Freelance work, zero hours contracts, and constantly being on call via mobile devices have contributed to a mental health crisis which I confidently predict is soon to get much worse as the cost of living crisis hits more and more people. I'd even go so far as to predict there will soon be another huge rise in homelessness and a jump in the suicide statistics. Neoliberalism doesn't free us. It enslaves us.
In some cases, it kills us. The dismantling of regulations that began, in the UK, under Margaret Thatcher didn't just apply to businesses but also to homes. Housing quality was lowered and so were fire safety standards and on the 14th of June 2017 we saw the ultimate result of that when the Grenfell Tower in London caught fire and seventy-two people died.

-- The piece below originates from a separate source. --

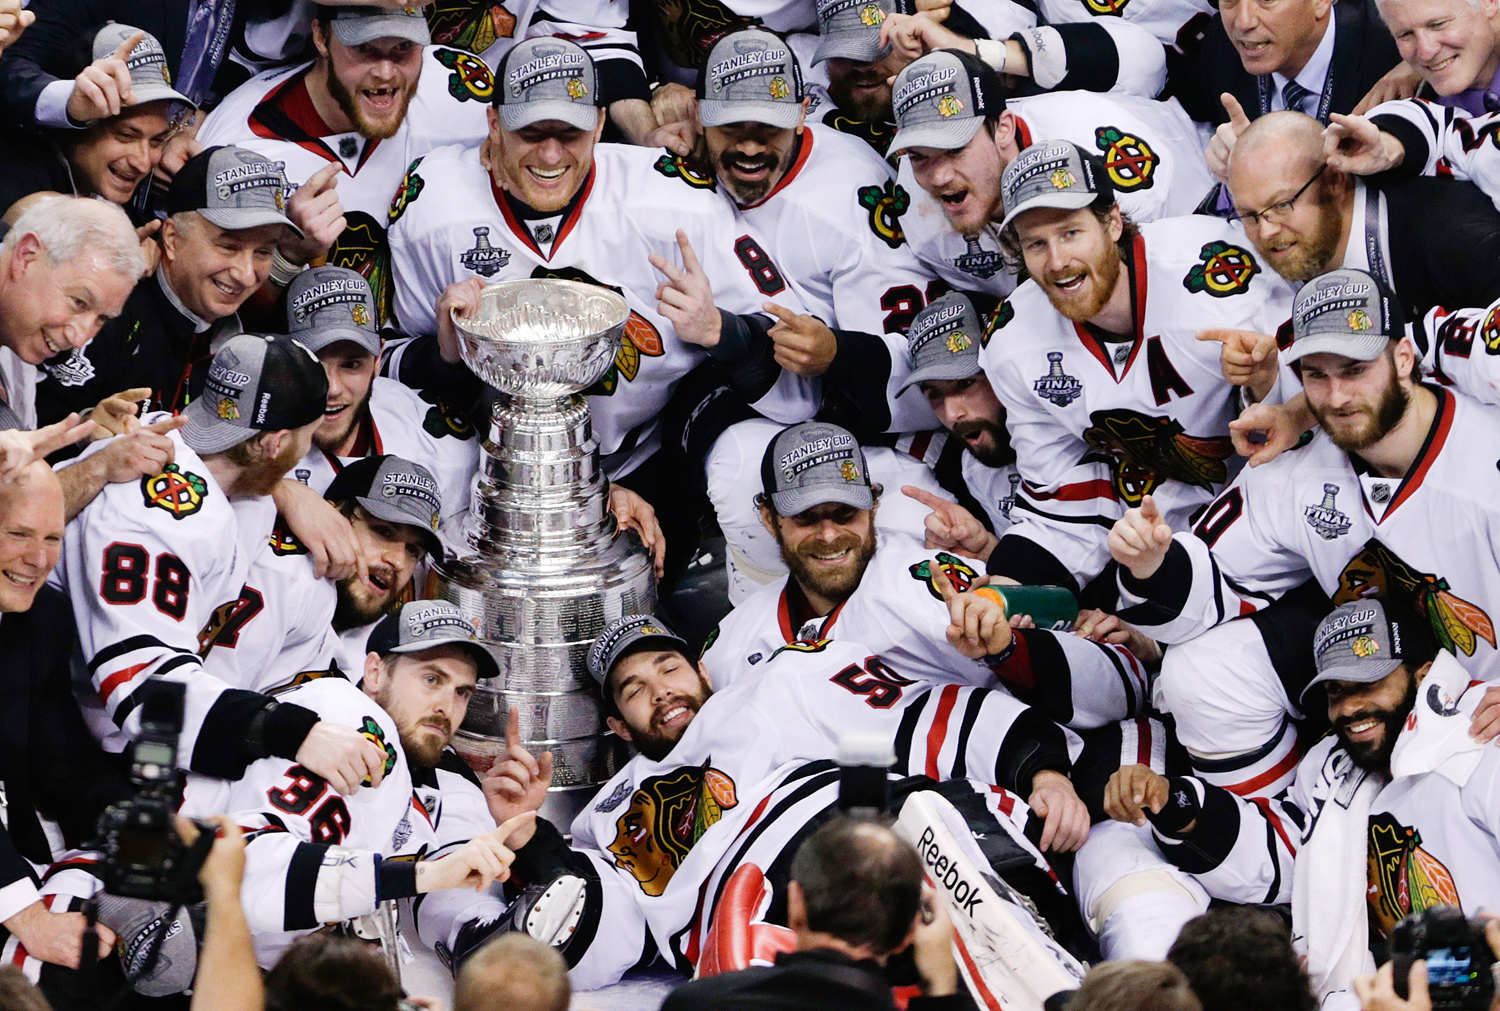 Blackhawks win Stanley Cup at home for first time in 77 years – Santa Cruz  Sentinel

When Grenfell Tower had been renovated - just one year earlier in 2016 - residents had complained they felt the building had been made a 'firetrap' with the addition of cheaper, but highly flammable, plastic-aluminium cladding. A saving had been made of nearly £300,000 and it was this, in the end - as well as the flammable foam insulation (below), that cost those seventy-two people their lives.
Celotex RS5000 foam insulation
Darren Cullen - Satiricial Anti-Serco Poster (2021)

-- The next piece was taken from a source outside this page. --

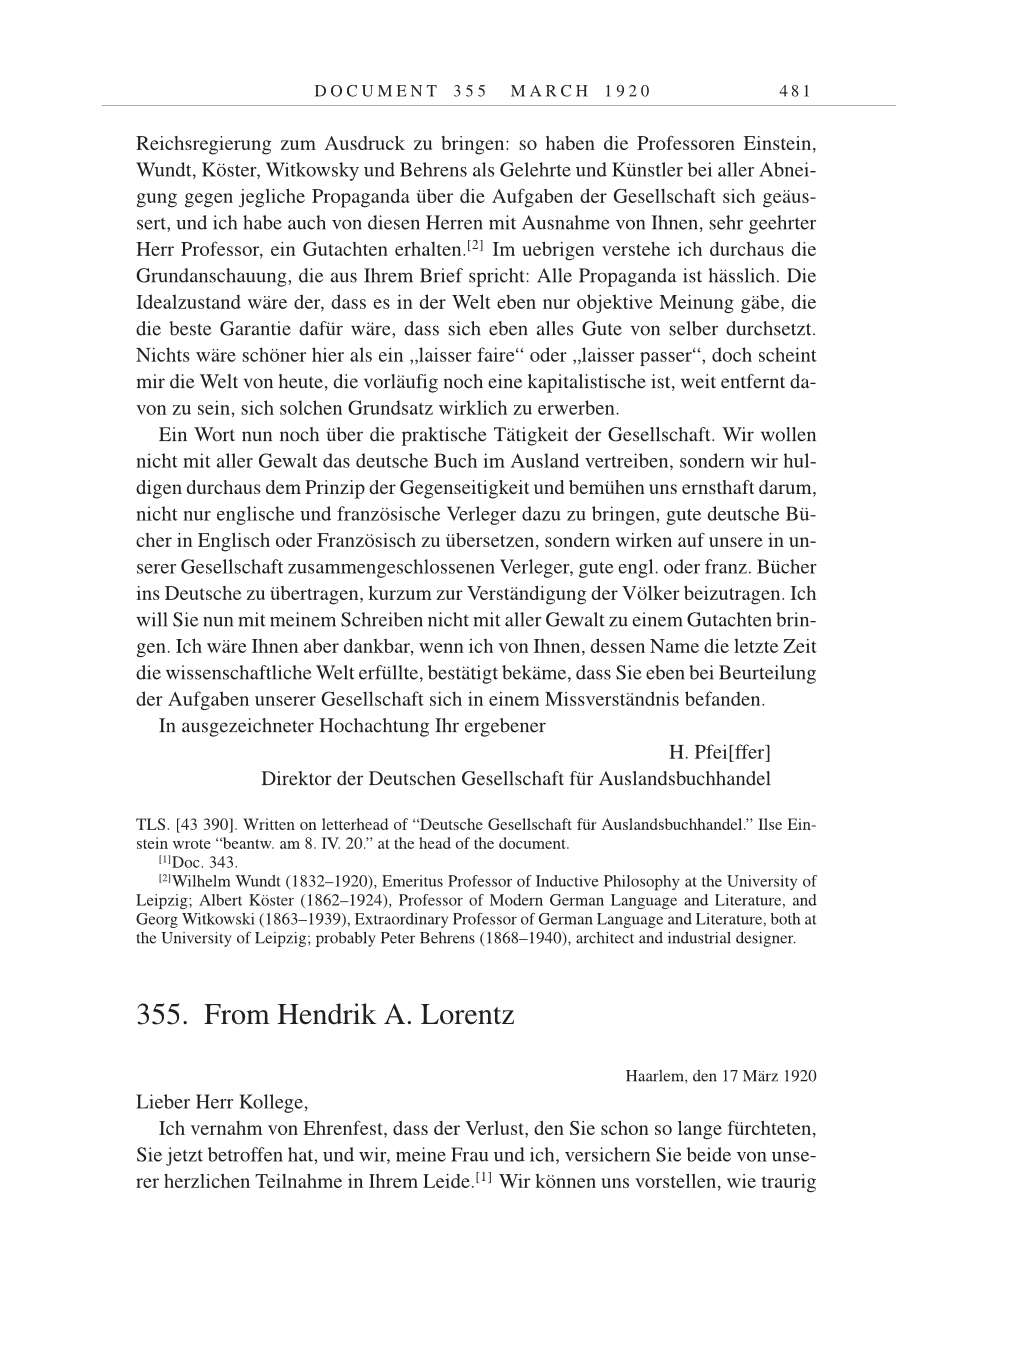 Volume 9: The Berlin Years: Correspondence January 1919-April 1920 page 481

Grenfell was a tragedy but it was an avoidable tragedy, Serco's failed Covid test and trace system (which cost the country tens of billions of pounds) was a tragedy but it was an avoidable tragedy, and the neoliberal line of thinking has been a tragedy but it has been an avoidable tragedy
The Museum of Neoliberalism makes a pretty good job of showing how neoliberal ideas are exhausted and that the world needs to find new ways to organise itself, ways that help people and not corporations. The Museum doesn't have the answers to that but it is, at least, asking the questions and getting a small number of people to think about potential responses. There's also (see below) a shop with some quite amusing stuff in it.
It's free, it's easy to get to, and it's worth a visit but the conversation regarding the failures of neoliberalism to meet the needs of the vast majority of people needs to be escalated towards far more mainstream channels and soon. The Serco circus needs to come to an end because if it doesn't many more people will die at its hands.